__WHAT TO PRODUCE__.
From the first line to the last, return the data exactly, with no pictures.

[SOURCE MATERIAL — start]

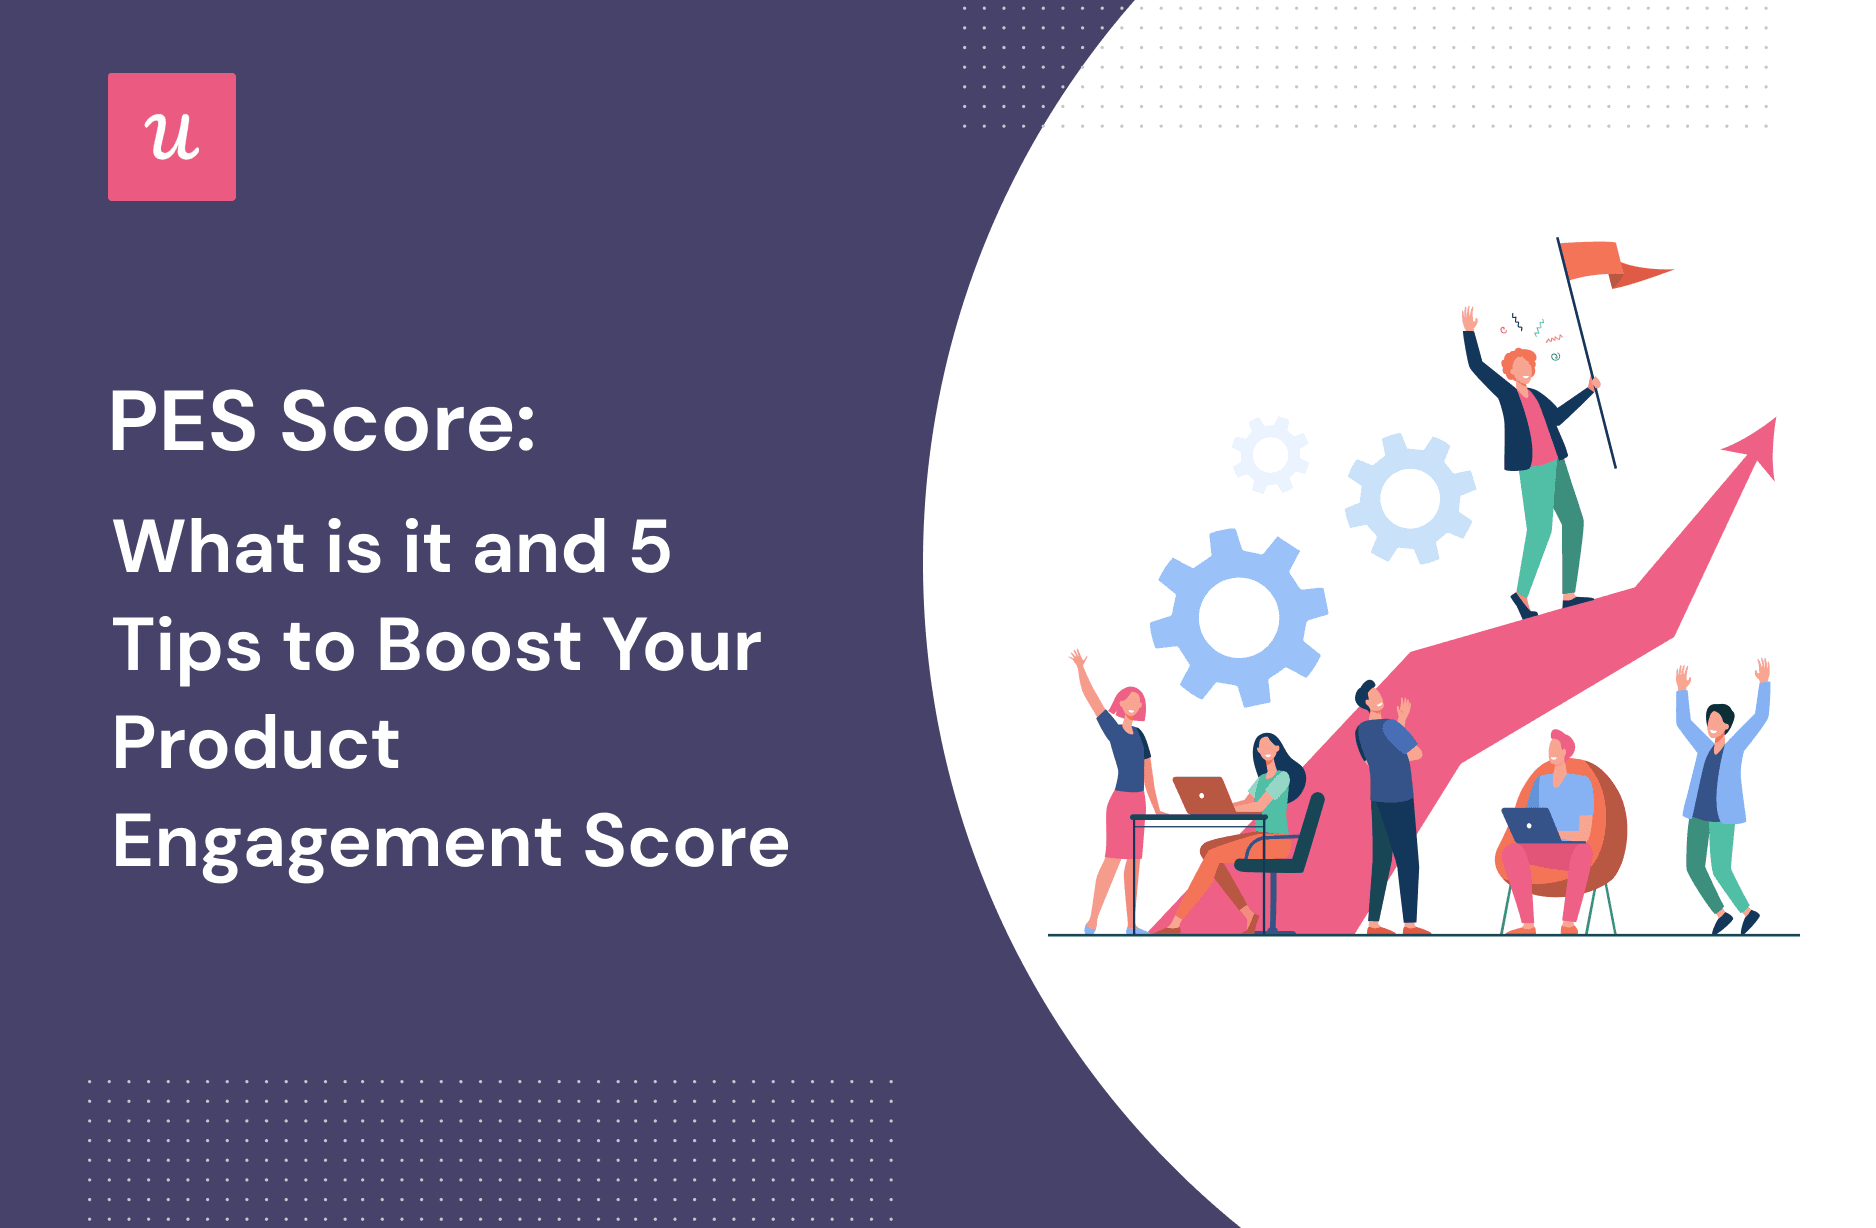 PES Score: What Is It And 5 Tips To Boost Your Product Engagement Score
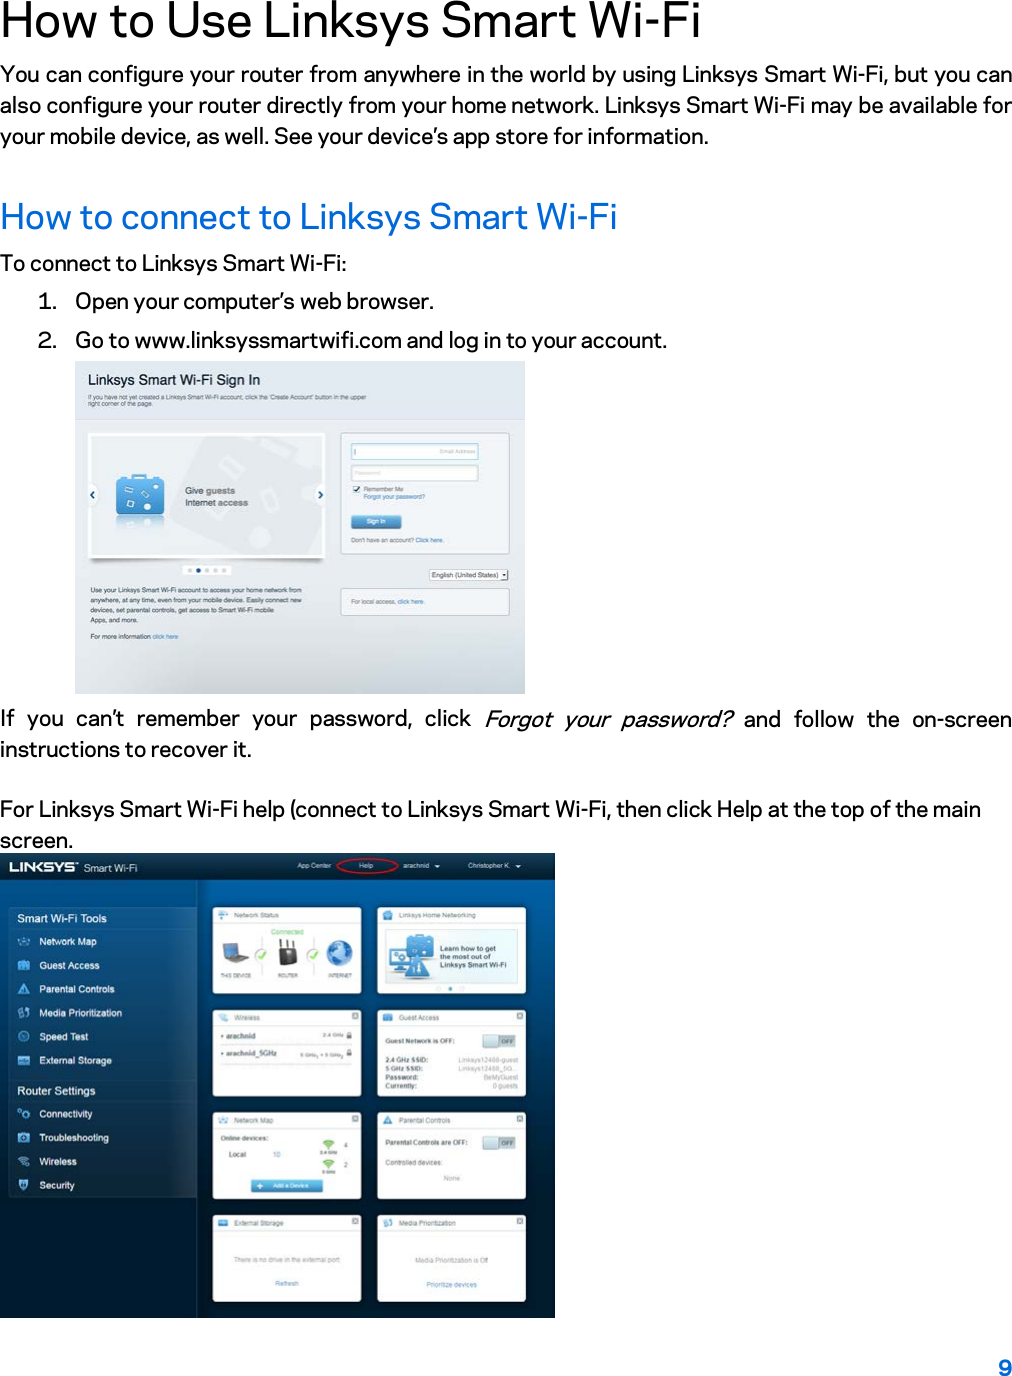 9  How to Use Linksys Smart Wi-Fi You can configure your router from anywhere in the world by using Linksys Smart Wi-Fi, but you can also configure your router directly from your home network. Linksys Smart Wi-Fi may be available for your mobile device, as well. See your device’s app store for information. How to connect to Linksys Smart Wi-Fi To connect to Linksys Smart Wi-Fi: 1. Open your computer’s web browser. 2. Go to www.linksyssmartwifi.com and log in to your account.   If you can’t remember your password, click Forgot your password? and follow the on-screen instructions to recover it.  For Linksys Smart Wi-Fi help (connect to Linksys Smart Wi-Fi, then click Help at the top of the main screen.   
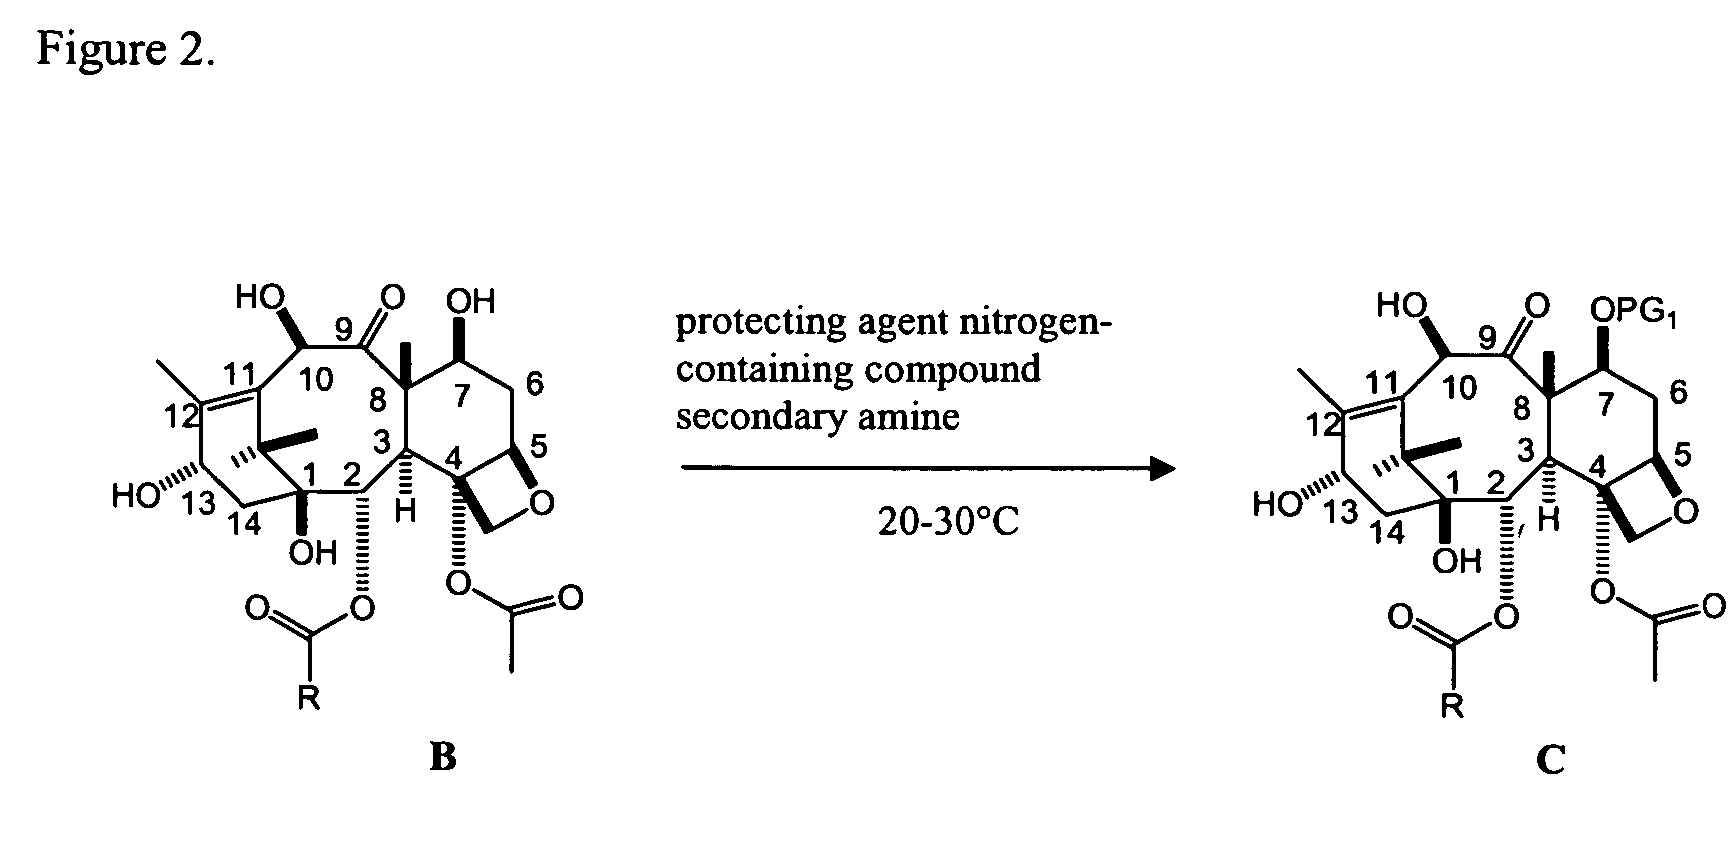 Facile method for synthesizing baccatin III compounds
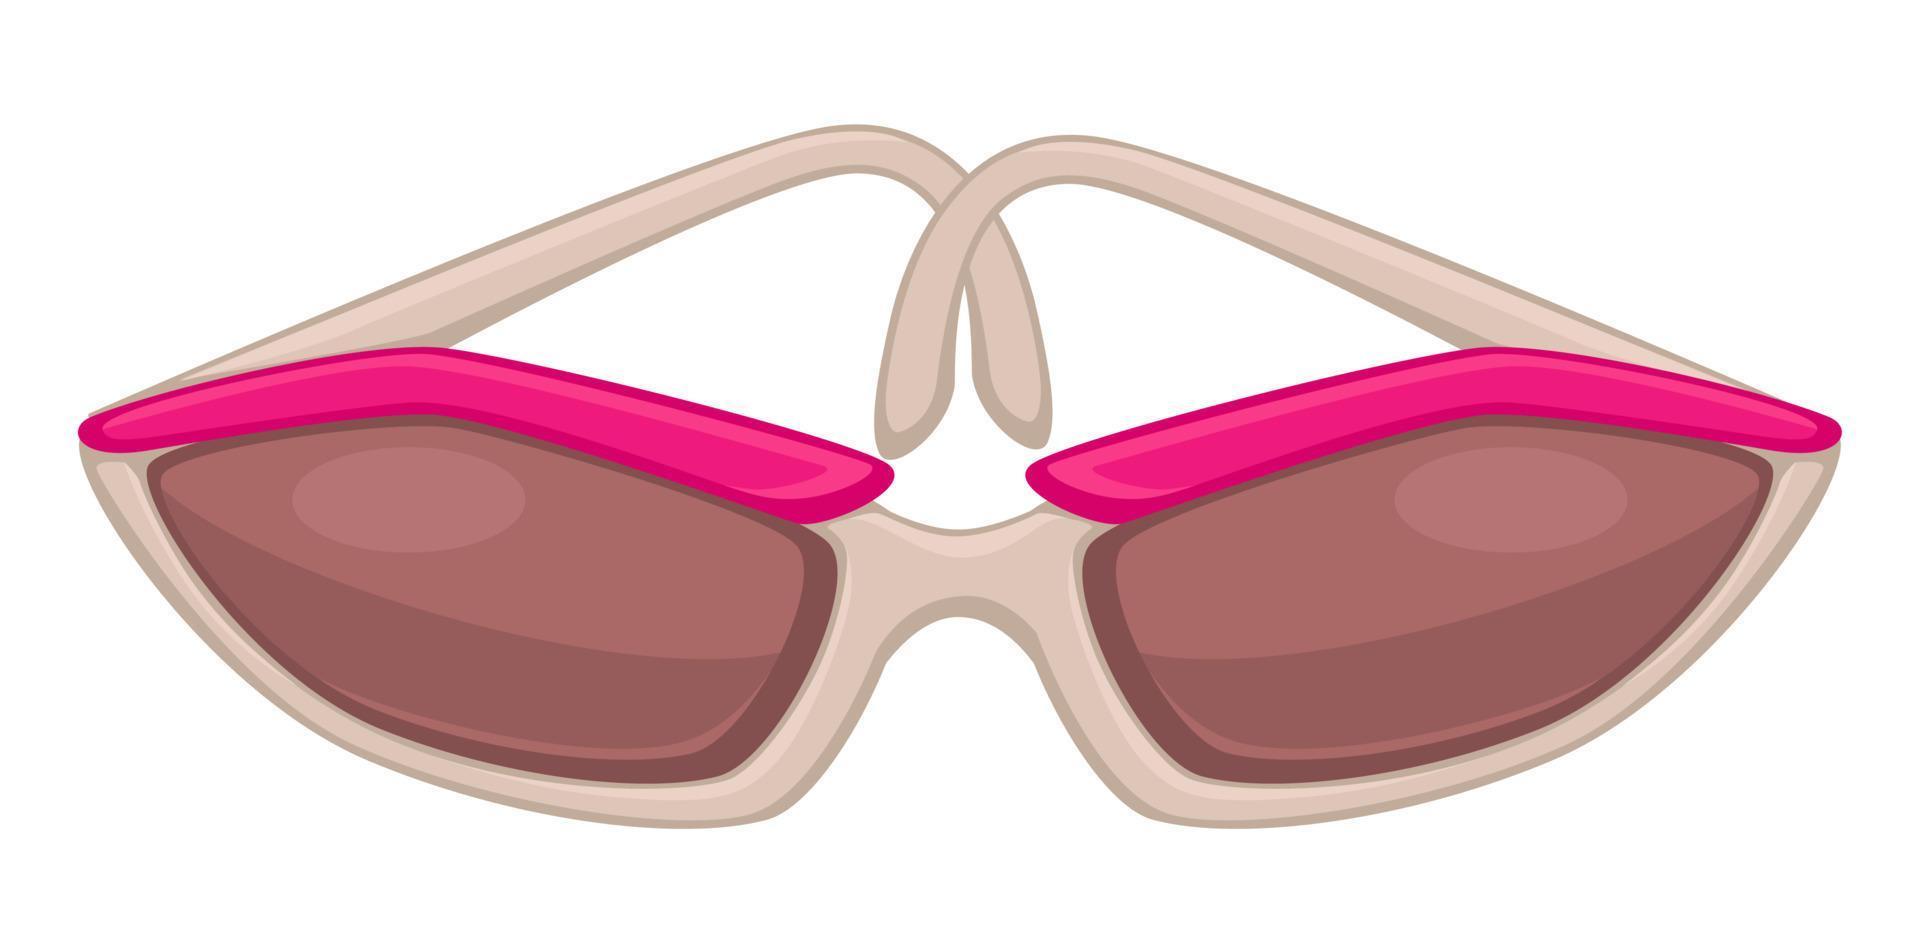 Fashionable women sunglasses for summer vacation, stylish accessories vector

[SOURCE MATERIAL — finish]

__ANSWER SECTION__.
 PES Score: What Is It And 5 Tips To Boost Your Product Engagement Score
 9  How to Use Linksys Smart Wi-Fi You can configure your router from anywhere in the world by using Linksys Smart Wi-Fi, but you can also configure your router directly from your home network. Linksys Smart Wi-Fi may be available for your mobile device, as well. See your device’s app store for information. How to connect to Linksys Smart Wi-Fi To connect to Linksys Smart Wi-Fi: 1. Open your computer’s web browser. 2. Go to www.linksyssmartwifi.com and log in to your account.   If you can’t remember your password, click Forgot your password? and follow the on-screen instructions to recover it.  For Linksys Smart Wi-Fi help (connect to Linksys Smart Wi-Fi, then click Help at the top of the main screen.   
 Facile method for synthesizing baccatin III compounds
 Fashionable women sunglasses for summer vacation, stylish accessories vector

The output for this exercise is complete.